Dollhouses are magical places to little girls. Everything is miniature and capable of a lot of imaginative play. If you build a dollhouse from scratch, you can go as real or as imaginary as you want. One example is adding actual working lights to the dollhouse. You might wonder how this is possible, given that you cannot plug a dollhouse into the wall or install a dollhouse around a full-sized outlet in your own home. Here are the supplies you will need and how each works to light up a dollhouse:

Electrical Conductivity Tape

This is a tape that can be cut to fit almost any space and used in any hobby project. When you pull the tape away from the protective plastic side, it reveals two strips of copper-backed flattened metal foil. This has to run from the junction splice (a tiny white power box for dollhouses) to all of the places in the dollhouse where you want to install lights. A single, low voltage roll that is no wider than an inch is sufficient.

A Small Lamp Tester

Small lamp testers are the perfect size for this project.
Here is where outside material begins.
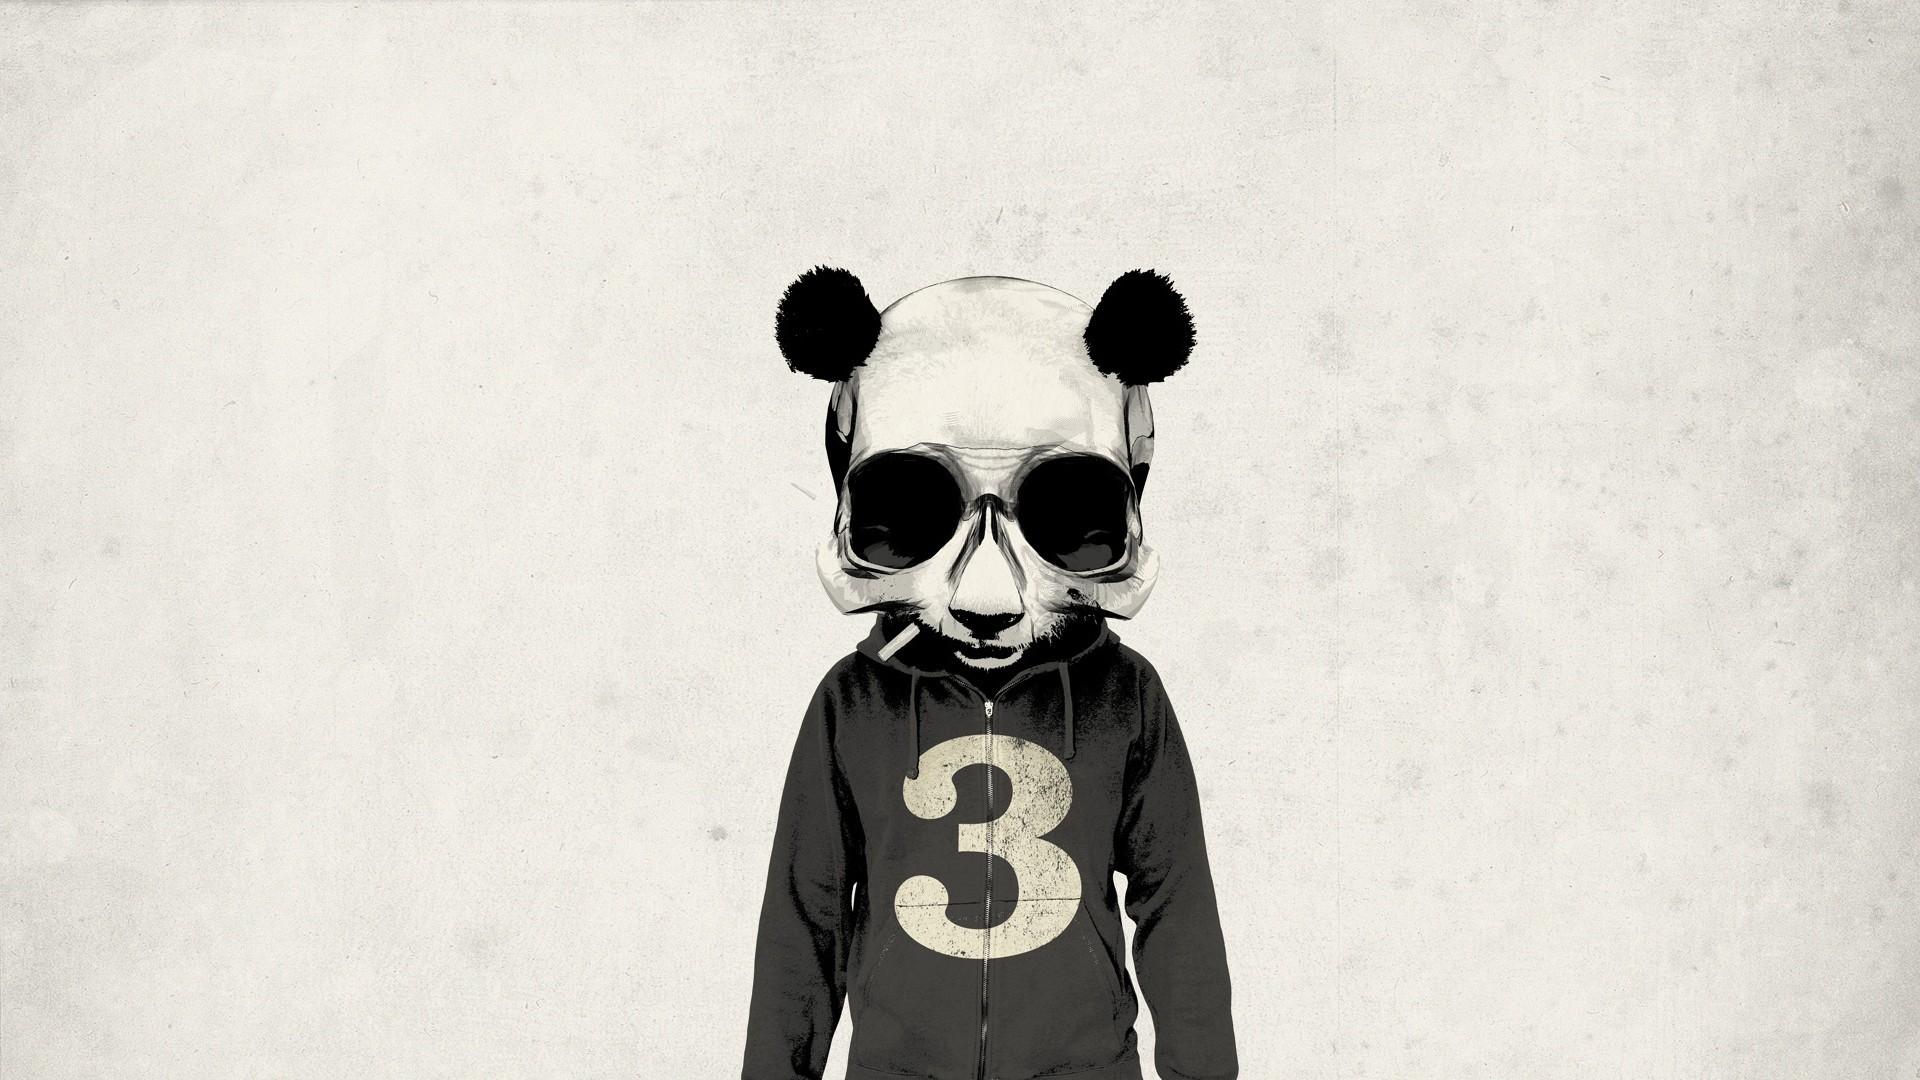 White Black Illustration Monochrome Artwork Jacket Moustache Skull Panda ART Image

It has the two end pins that can be set on top of the electrical conductivity tape's two copper strands to see if the tape is conducting power. Normally, it would be used to check the wires in a full-sized lamp that needs repair, but here it doubles as a power tester for the presence of electricity in your dollhouse.

Teeny, Tiny Brass Brads

Teeny, tiny brass brads help you cross-connect electrical junctions in the dollhouse so that you can get adequate power to the dollhouse outlets and lights in the ceilings. Brass also conducts electricity, so these brads are doing double duty too. Make sure the power pack to the dollhouse is turned off, even though the tiny shock you would get is no more hurtful than shock from static electricity. The real problem would be overloading the tape and power pack, thereby blowing it and making it non-functional.

Other Electrical Supplies You May Need

While they are not necessary, you may want a small gauge wire splicer and/or thin wire to make connections. Sometimes you might need to extend wires for the dollhouse lights an inch or two, and the splicers and additional wire can help. If you have an excellent electrical layout design for the dollhouse already, these supplies may not be needed.